September/October 2018 Issue
Also in this issue: Court of Appeals Upholds Constitutionality of Municipal Smart Meter Program | Public Service Commission Approves First Financial Assistance Program for Private Lead Service Line Replacements
Wisconsin Supreme Court Affirms There is No Compensable Property Right to Visibility in Billboard Case
On June 19, 2018, the Wisconsin Supreme Court affirmed in Adams Outdoor Advertising Limited Partnership v. City of Madison that the right to visibility from a public road is not a recognized property right for the purpose of an unconstitutional takings claim. In a 4 – 3 decision, the Court held that a billboard company was not entitled to compensation from the City after the City constructed a bridge blocking visibility of a billboard from a major highway.
Adams owns a billboard on a small, unusually-shaped parcel of land adjacent to a major highway known locally as “the Beltline.” One panel of the billboard faces east and the other west allowing for separate advertising signs. Adams bought the land in 2007 for $200,000. In 2013, the City built the Cannonball Bridge, a pedestrian and bicycle bridge adjacent to, but not on, Adams’ property.
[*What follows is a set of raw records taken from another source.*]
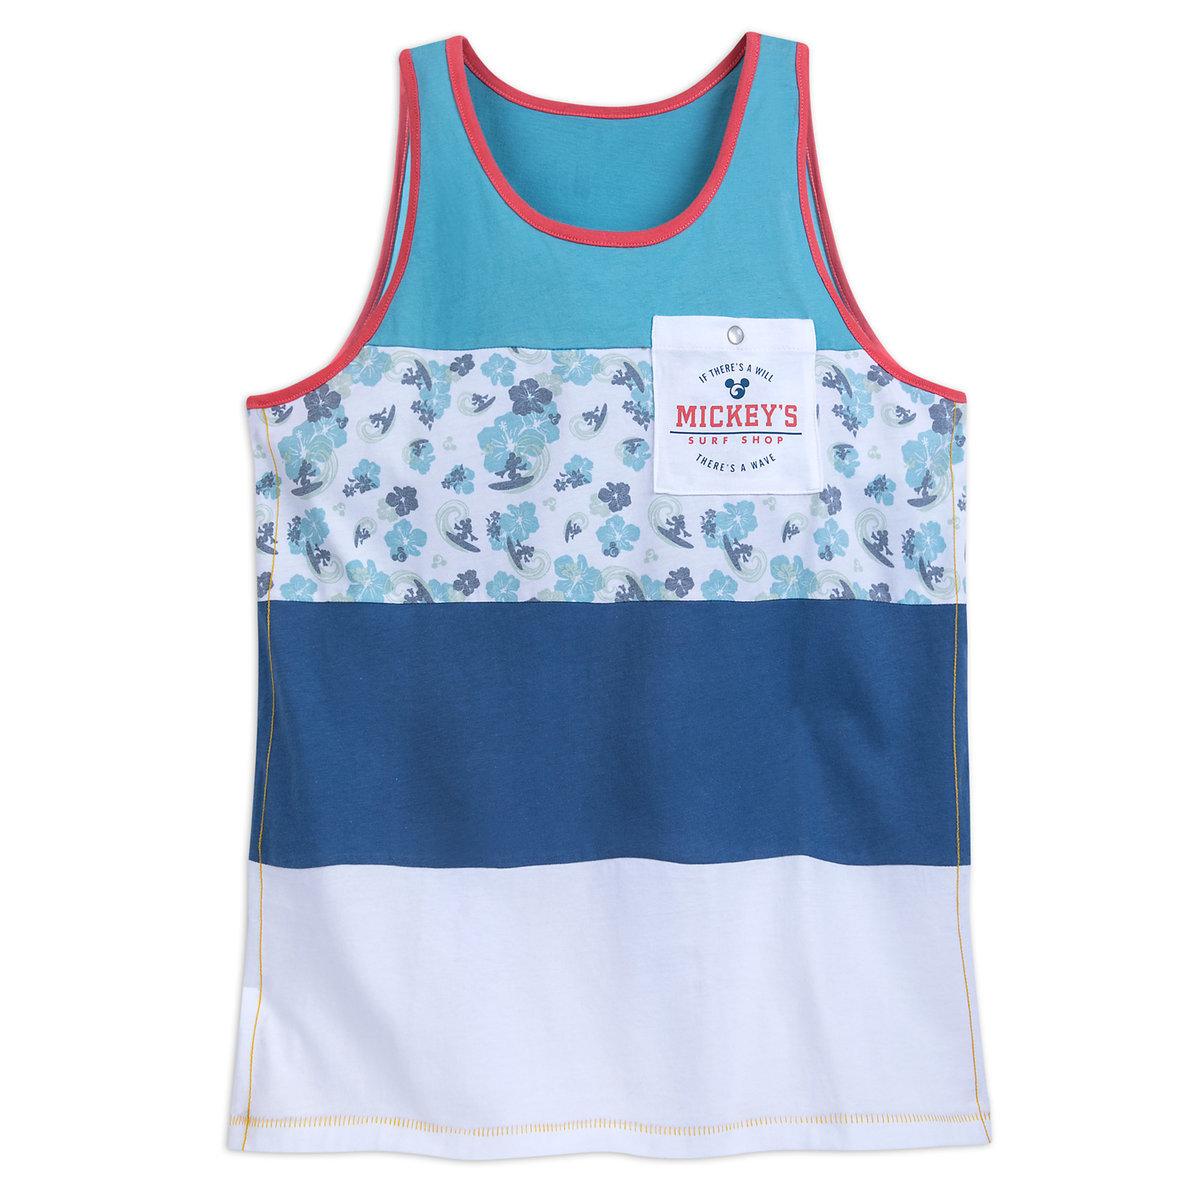 4dac65da4d2cb2 Disney mens shirt mickey surf shop tank top if theres a will jpg 1200x1200 Disney  mens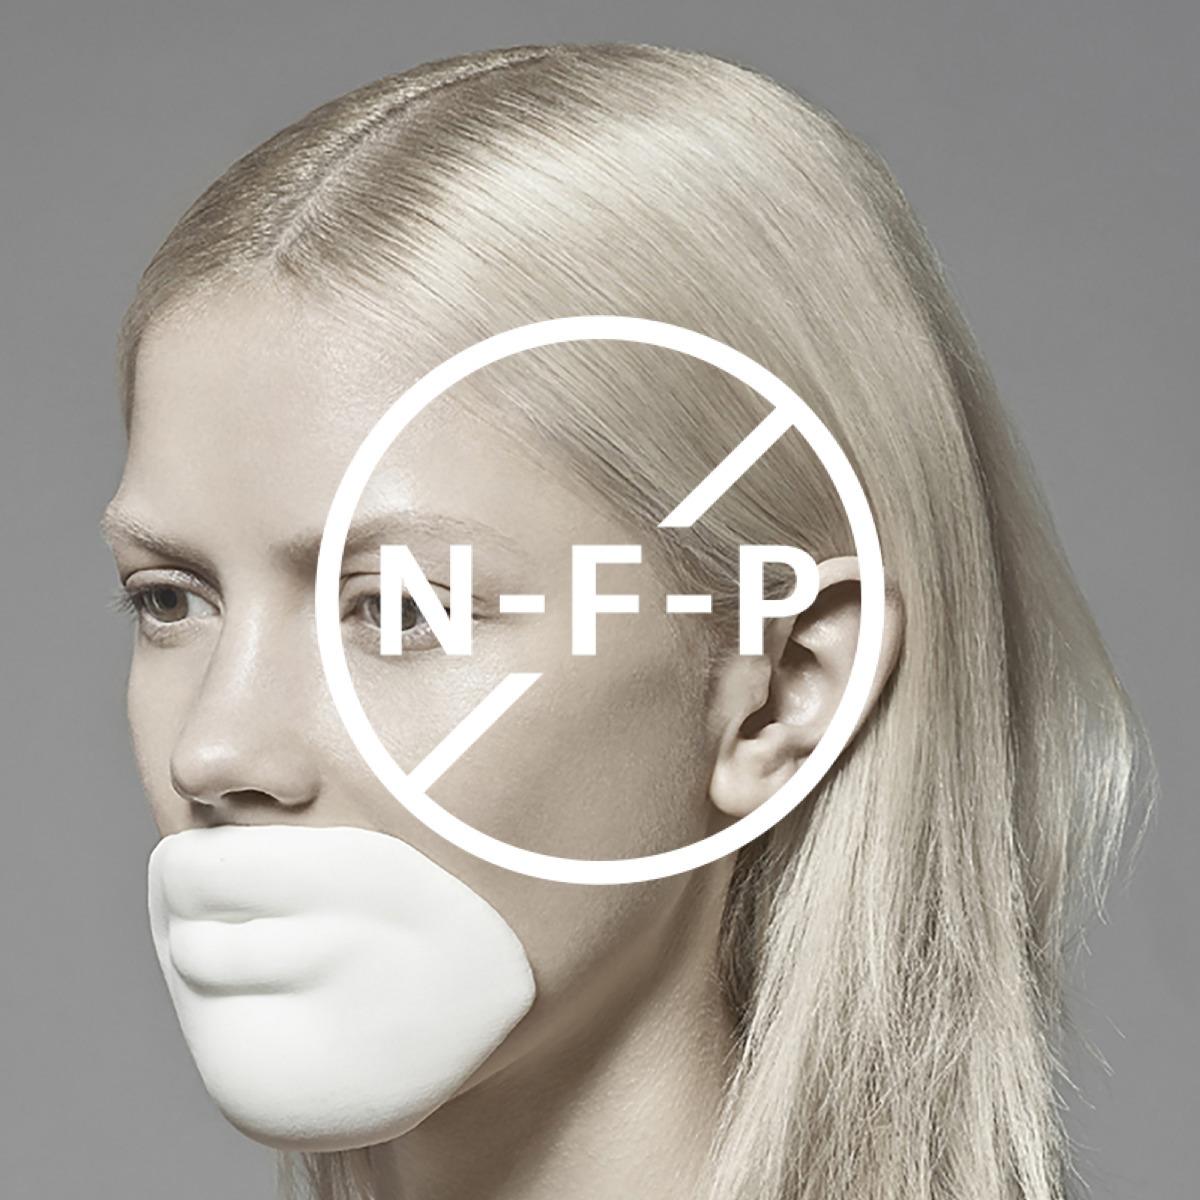 Not For Print Issue 01 – Censorship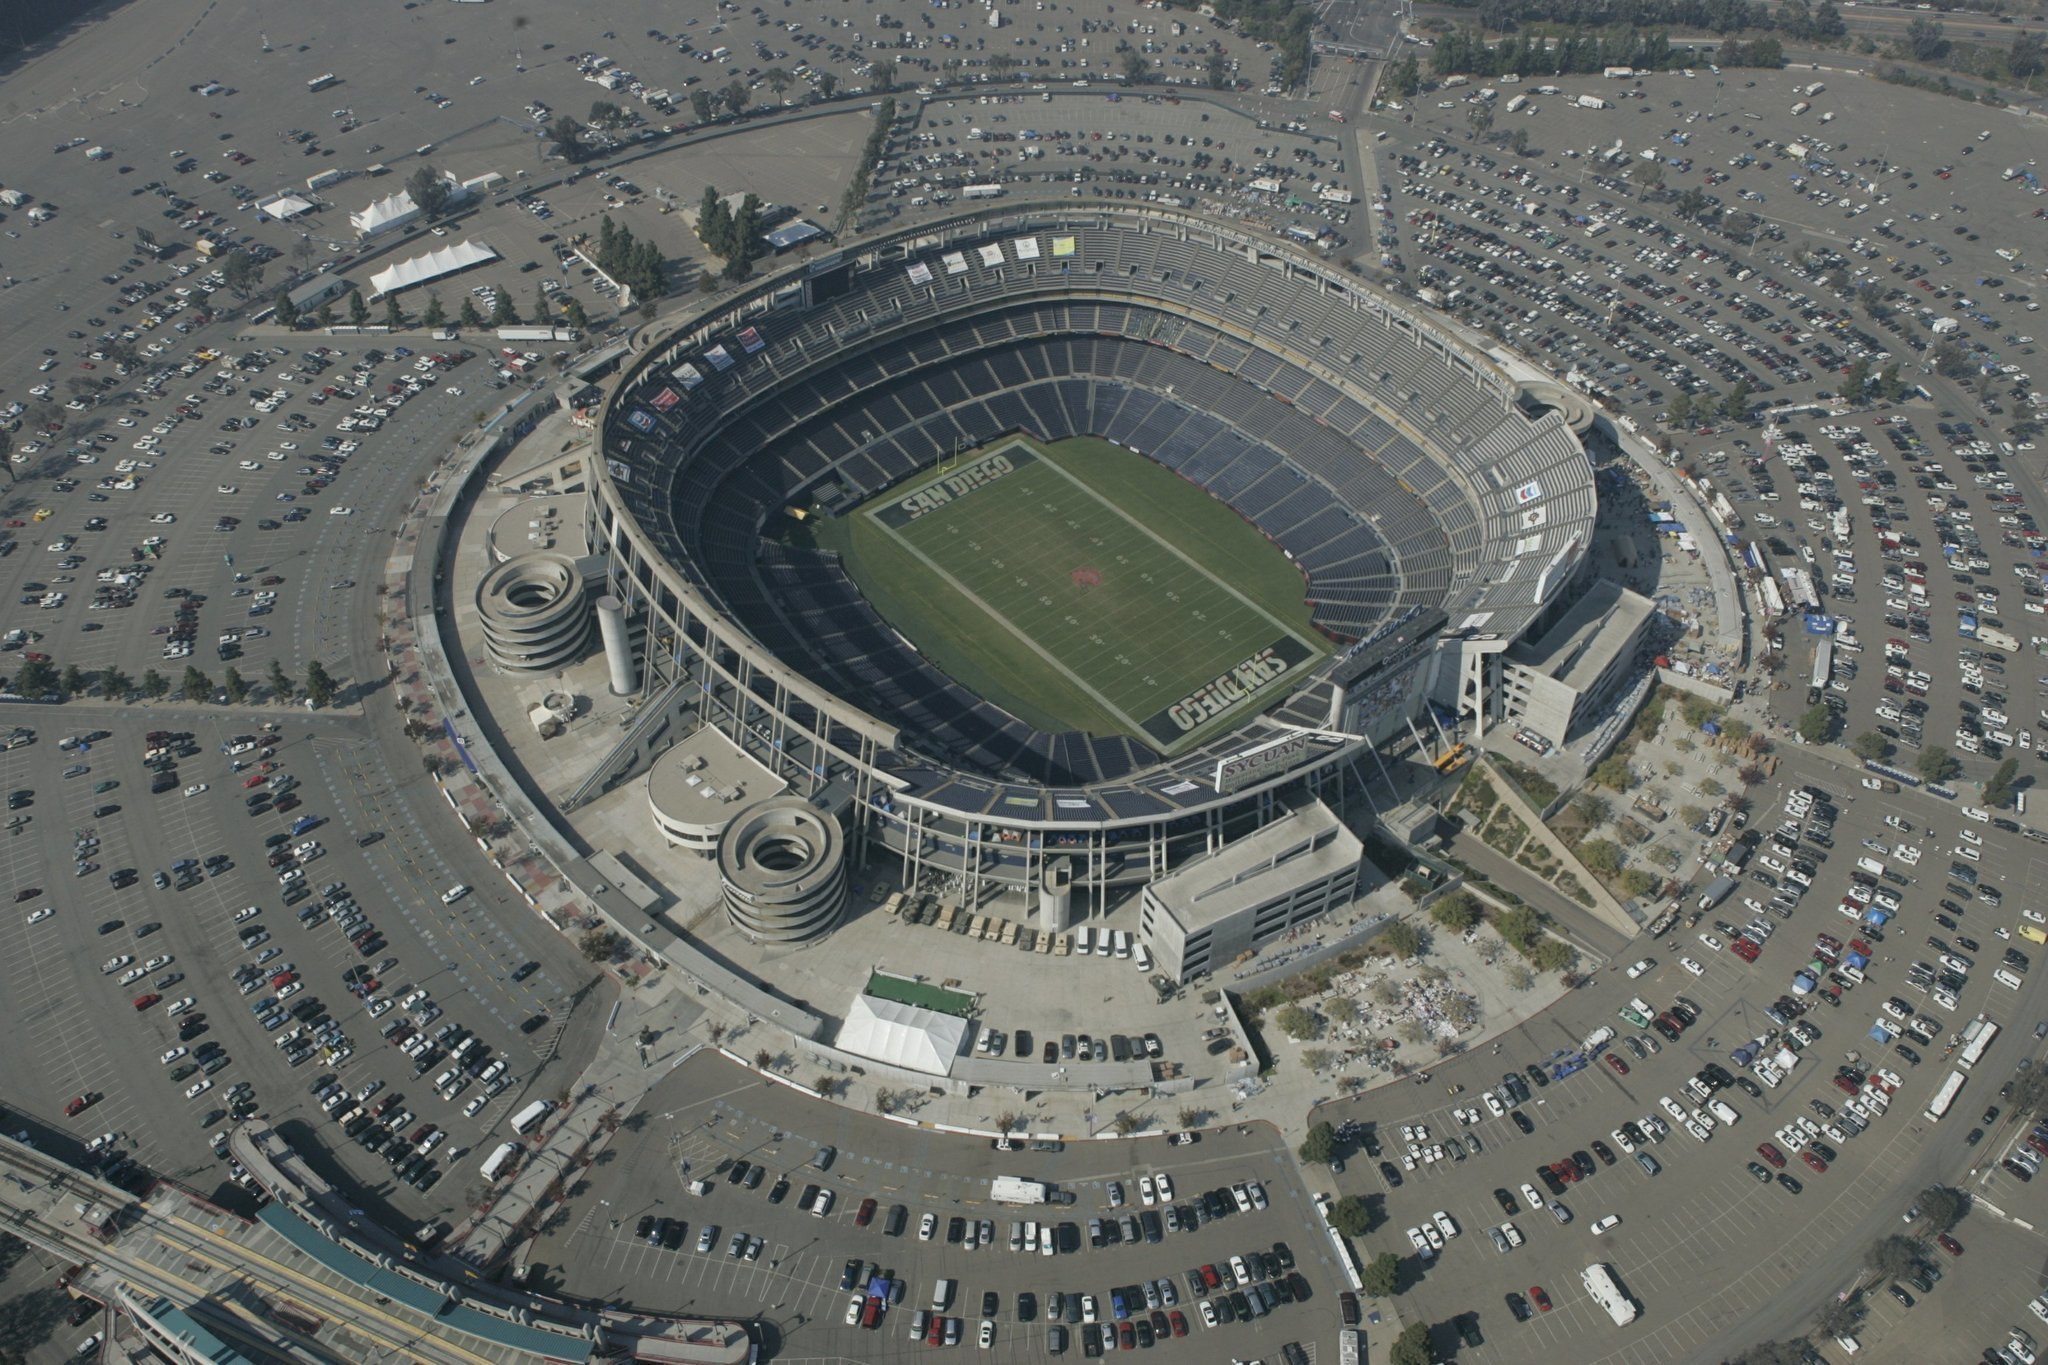 Architects aim to preserve Qual m Stadium The San Diego Union Tribune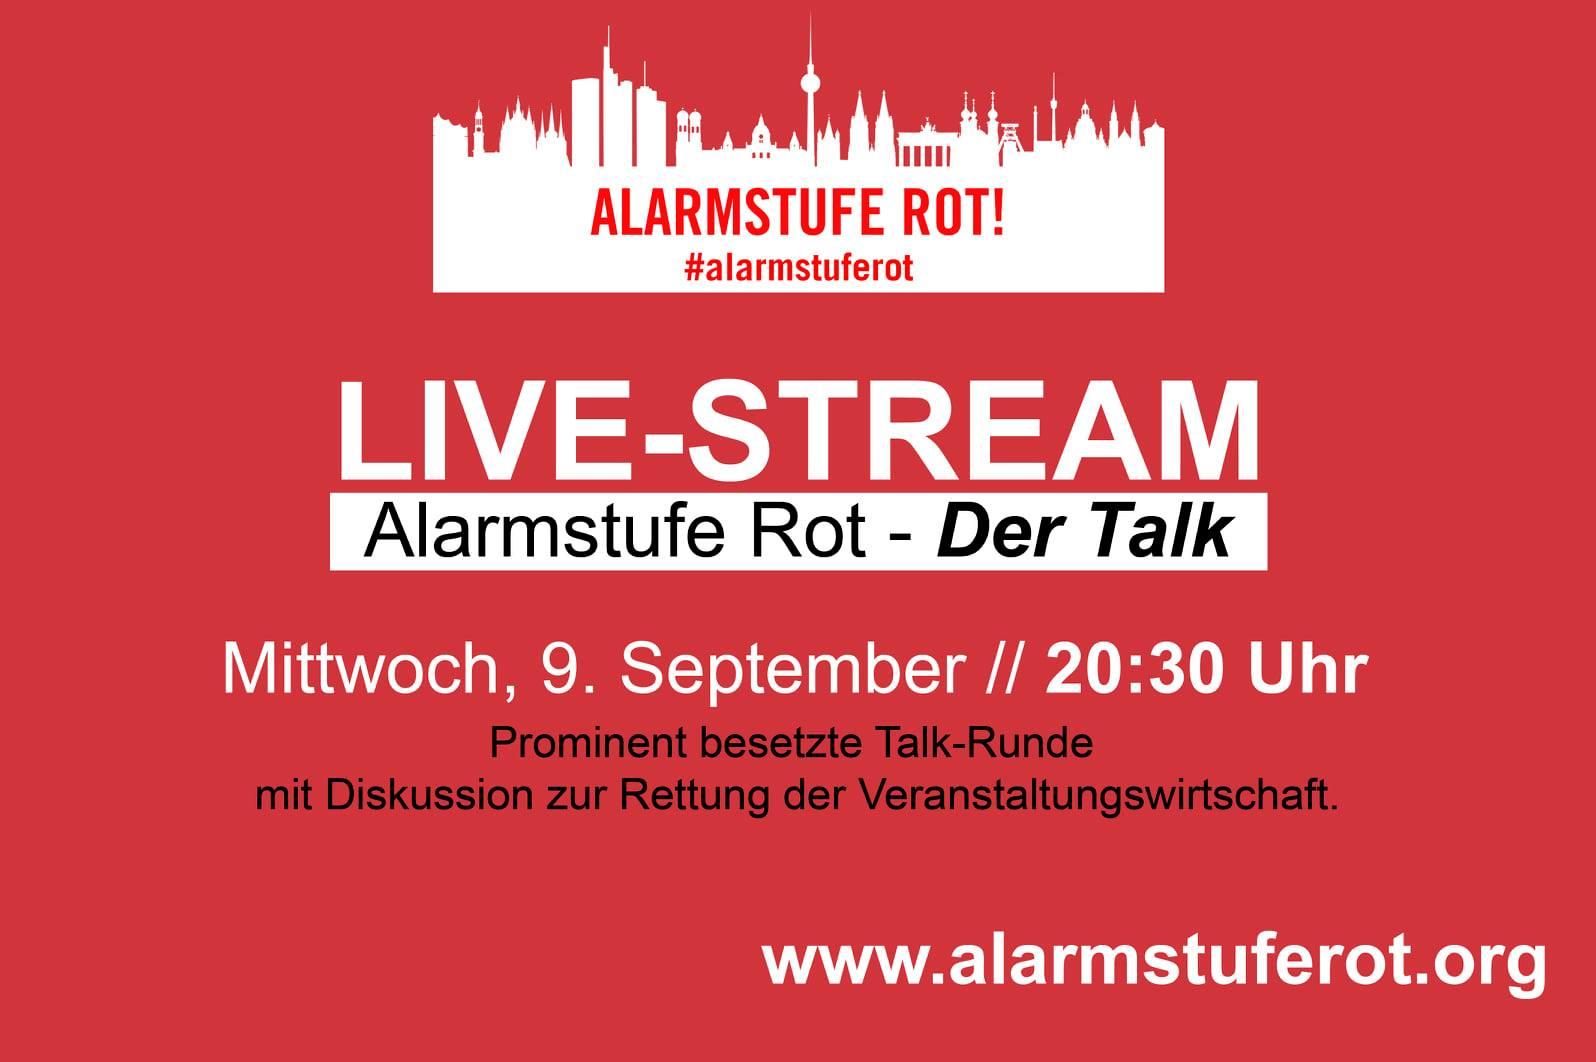 """Alarmstufe Rot""-Demo in Berlin endet mit Live-Talk"

The bridge now obstructs the view of the west-facing billboard panel from Beltline traffic, and Adams contends it can no longer sell advertising space on that panel.
According to an appraiser hired by Adams, before the bridge was built the land was worth $1,460,000 and after it decreased to $720,000. Adams sued the City for depriving them of all economically beneficial use of the west-facing side of its billboard, entitling them to just compensation for private property taken for public use under the “takings clause” — the Fifth Amendment of the U.S. Constitution and Art. 1 § 3 of the Wisconsin Constitution.
At the Supreme Court, Adams argued that its right was not one relying on the right to be seen, but a right to continuing “a preexisting use of its property.” To put Adams’ argument into perspective, a homeowner whose ability to see across the street, blocked by a bus stop is not deprived of the essential function of their home, but as a billboard company, Adams’ sole purpose for the property is to be seen and visibility is essential to achieving that purpose. The Court rejected this argument, holding that the essence of Adams’ asserted property interest is based on a right to visibility and that the right to visibility of private property from a public road does not give rise to a protected property interest.
The Court’s Reasoning
The Court agreed with the City that “[a]lthough [a property owner] may sustain consequential damages in so far as [a] street improvement will somewhat obstruct or interfere with ingress and egress, and the view to and from their land to the vehicular traveled portion of the street, that is not a taking of private property for public use.” The Court relied heavily on its previous decision in Randall et al., v. City of Milwaukee, which reasoned that public thoroughfares, including highways, are dynamic spaces that must change and adapt over time. Randall concluded that the public rights in streets are paramount to those of private landowners.
The Court also considered similar decisions in other jurisdictions. In particular, in Regency Outdoor Advert., Inc. v. City of Los Angeles (2006), the California Supreme Court rejected a billboard owner’s takings claim which asserted that when the City planted palm trees, it reduced visibility of its billboards, constituting a taking. The Regency court explained that courts generally rely on three justifications for the “virtually unanimous” rule that there is no right to be seen from a public road: (1) road improvements limiting visibility are foreseeable; (2) the government has the authority to maintain and improve the road system; and (3) the abridgment of the right to reasonable access and an outlet is an owner’s only right meriting compensation when the government acts to improve a road.
Justice Rebecca Bradley, writing for the dissent, argued that the majority erred when it defined the property interest at issue as a right to visibility. The dissent argued an alternative frame for the property interest: Adam’s interest in the advertising permit for the west side of the billboard. An unconstitutional taking occurs when government denies all economically viable use of a person’s property. A permit is considered real property for takings purposes. The dissent further reasoned that the real value of the property was in the advertising permits. The bridge construction eliminated the entire value of the advertising permit for the west side of the billboard, and thereby, constituted an unconstitutional taking. In a footnote, the majority discounted this argument, noting it was not raised or argued by Adams or the City.
This is an important decision for municipalities. As the League of Municipalities argued in its amicus brief in this case, a decision in favor of Adams would have handed owners of the vast numbers of billboards that exist alongside public highways across the state a constitutionally protected demand on state and local government bank accounts. Moreover, a new visibility property right would not logically stop at billboard advertising but would extend to the much larger pool of all commercial activities that line public highways and can claim some economic value from public highway visibility.